Помимо того, что преподобный Максим – один из самых великих византийских богословов, чьи суждения замечательно глубоки и точны, он обладает среди греческих отцов такими особенностями, которые придают изучению его позиций сугубую ценность в связи с «обсуждаемыми вопросами».

Преподобный Максим, родившись и сформировавшись на Востоке, вынужден был после переезда в окрестности Константинополя удалиться в изгнание (несмотря на то что тогда ему было уже около пятидесяти лет), в район Карфагена, где он, по всей видимости, мог непосредственно познакомиться с традицией мысли, бравшей начало от святителя Киприана и блаженного Августина, продолжая всячески поддерживать отношения с высочайшими церковными авторитетами Востока того времени. Особенно примечательно, что в связи с моноэнергистскими и монофелитскими спорами, в эпицентре которых он оказался, преподобный Максим стал на Востоке после смерти Софрония (его спутника по ссылке перед своим избранием на Иерусалимский патриарший престол) главным защитником Православия, будучи при этом в тесных контактах с папой, епископами и богословами Римской Церкви, поддерживавшими его в борьбе, в то время как восточные патриархи тонули в ереси. Эти отношения сделались еще более тесными, когда он прибыл в Рим и оставался там в течение семи лет, играя первостепенную роль во время Аатеранского Собора в 649 году. Преподобному Максиму был свойствен интерес к глубокому изучению богословских позиций как христианского Запада, так и христианского Востока; он был наделен способностью понять миросозерцание и тех, и других, а также способы выражения, которые в его эпоху обнаруживали уже определенное расхождение, и, кроме того, он оставался совершенно открытым. Другой момент, представляющий для нас интерес, состоит i в том, что в эпоху преподобного Максима спорные вопросы, к которым мы собираемся приступить, не были еще известны в своем развитии, превратившем их в источник разлада и разделения: даже если суждения Востока и Запада порой различались, их точки зрения не становились несовместимыми, но оставались, благодаря прояснению, подтверждению и уточнению, обоюдо–приемлемыми.

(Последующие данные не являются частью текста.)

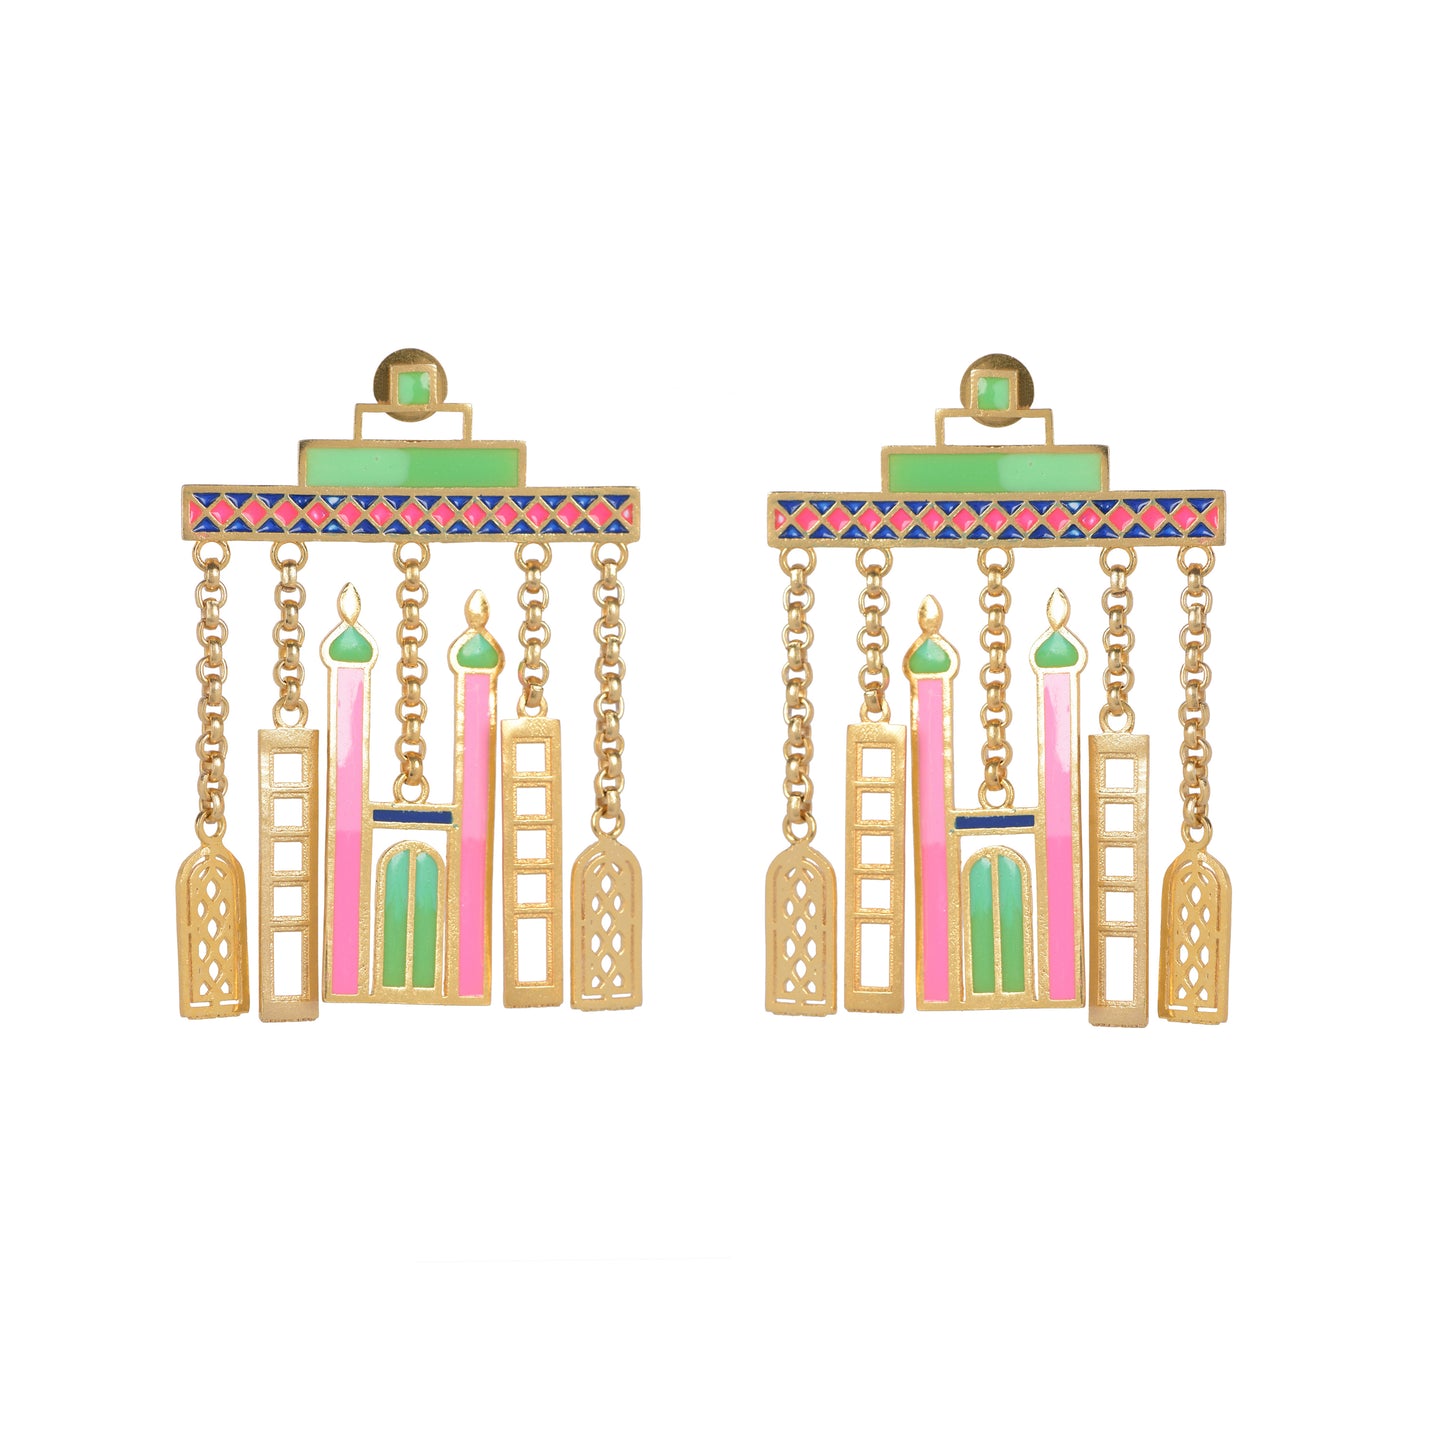 The grand skyline earrings

Кроме нескольких исключений, отцы греческие и отцы латинские исповедовали по существу одну и ту же веру в Единую соборную и апостольскую Церквь, если не принимать во внимание их только формально различавшиеся выражения, которые в их истолковании так и остаются первопричиной взаимного непонимания.

Своей мыслью, обширной, открытой, понятной, но также независимой и оригинальной, преподобному Максиму удалось засвидетельствовать это глубинное единство, что, без всякого сомнения, представляет собой сегодня существенный повод для возобновления диалога и даже для соединения, к чему в перспективе призывал отец Георгий Флоровский – к «экуменизму во времени», и к тому, чтобы в межцерковном диалоге «вернуться к ситуации, которая существовала в первом тысячелетии».

Чтобы приступить к этим положениям преподобного Максима, мы провели исторический, филологический и критический анализ, подобный нашим обширным исследованиям об обожении человека, который представляется нам бесстрастным, независимым и объективным настолько, насколько это возможно.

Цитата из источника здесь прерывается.